For client-side LLMs, see ReplyStream.
OpenAI#
llm: {
provider: "openai",
model: "gpt-4.1-mini", // or "gpt-4.1", "gpt-4.1-nano"
enabled: true,
prompt: "System prompt here.",
temperature: 0.7,
max_tokens: 1024,
}Model picker:
| Model | Best for |
|---|---|
gpt-4.1-nano | Highest-volume, simple flows; lowest cost |
gpt-4.1-mini | Most agents — strong reasoning, good cost (recommended default) |
gpt-4.1 | Complex multi-step reasoning, sensitive flows |
Mistral#
llm: {
provider: "mistral",
model: "mistral-medium",
enabled: true,
prompt: "System prompt here.",
temperature: 0.7,
max_tokens: 1024,
}Shortcuts#
llm: "openai:gpt-4.1-mini"
// expands to:
// { provider: "openai", model: "gpt-4.1-mini", enabled: true }The shortcut is convenient but leaves the prompt empty. You'll typically want the full object form when shipping.
The enabled field#
enabled: false disables server-side LLM for this agent.
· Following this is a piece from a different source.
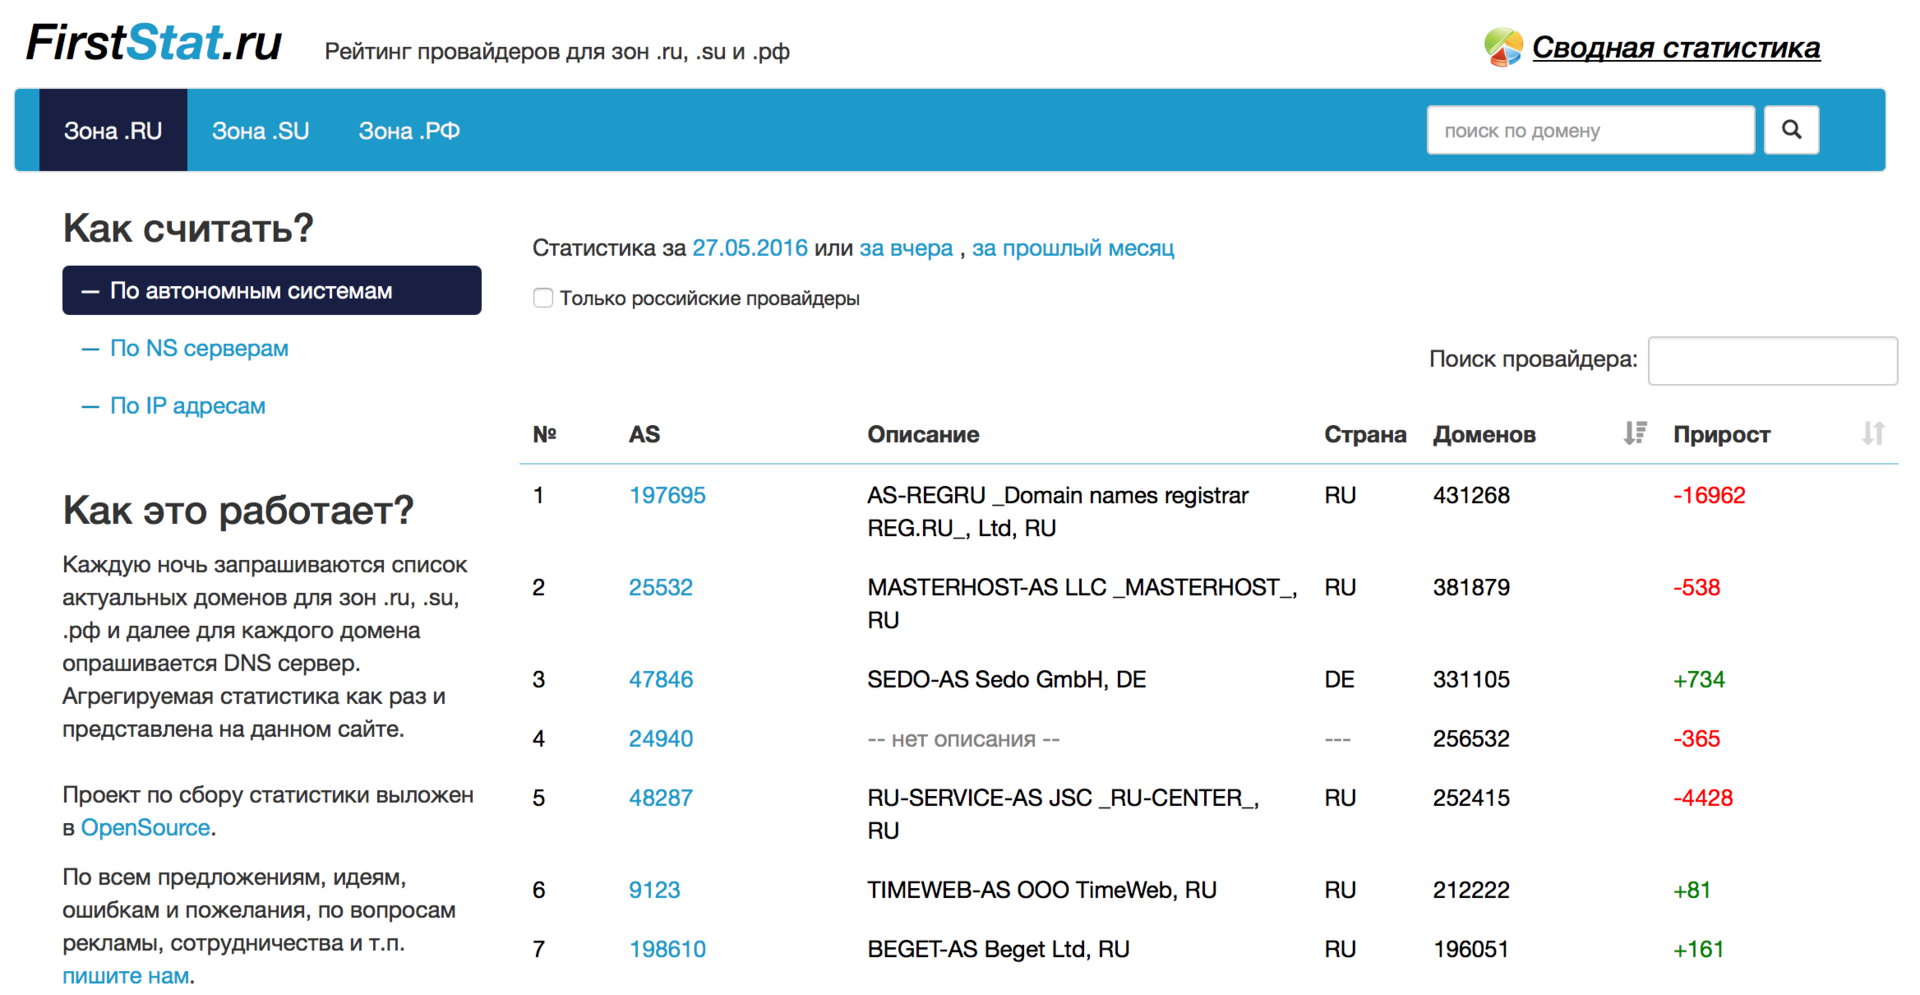 Статистика распределения доменов по AS, IP, NS, MX и прочим параметрам - 3

The server still does STT and TTS, but it won't generate responses — you have to handle every turn.end yourself with a client-side LLM.
// Server-side off — bring your own LLM
const agent = pc.agent("my-bot", {
voice: "elevenlabs:abc",
language: "en",
// no llm field — or llm: { provider: "openai", enabled: false }
});
agent.on("turn.end", async (turn, call) => {
const stream = call.replyStream(turn);
// ... your LLM here
});Prompt template variables#
Define a prompt with {{placeholders}}. The server resolves them before each LLM request. Built-in: {{date}}, {{time}}.
llm: {
provider: "openai",
model: "gpt-4.1-mini",
enabled: true,
prompt: `You are {{agent_name}}, support agent at {{company}}.
Today is {{date}}. Customer: {{customer_name}}.`,
}Set values per-call:
agent.on("call.started", async (call) => {
await call.setPromptVars({
agent_name: "Nova",
company: "Acme",
customer_name: "Maria",
});
});See Hot-Reload for the full pattern.
Temperature & max_tokens#
Standard OpenAI parameters:
temperature— 0–2. Lower = more deterministic. For voice agents,0.3–0.7is typical.max_tokens— caps response length. For voice, keep responses short —512or less is common to avoid long monologues.
Tools#
Tool definitions use the OpenAI function-calling format regardless of provider:
tools: [
{
type: "function",
function: {
name: "lookupOrder",
description: "Look up an order by ID",
parameters: {
type: "object",
properties: { orderId: { type: "string" } },
required: ["orderId"],
},
},
},
],See Tools and Functions for handling the calls.
Hot-reloading the LLM#
Swap models or providers at runtime:
// Agent-wide (all future calls)
agent.configure({
llm: { provider: "openai", model: "gpt-4.1", enabled: true, prompt: "..." },
});This is useful for A/B testing different models, or upgrading the model for VIP callers without redeploying.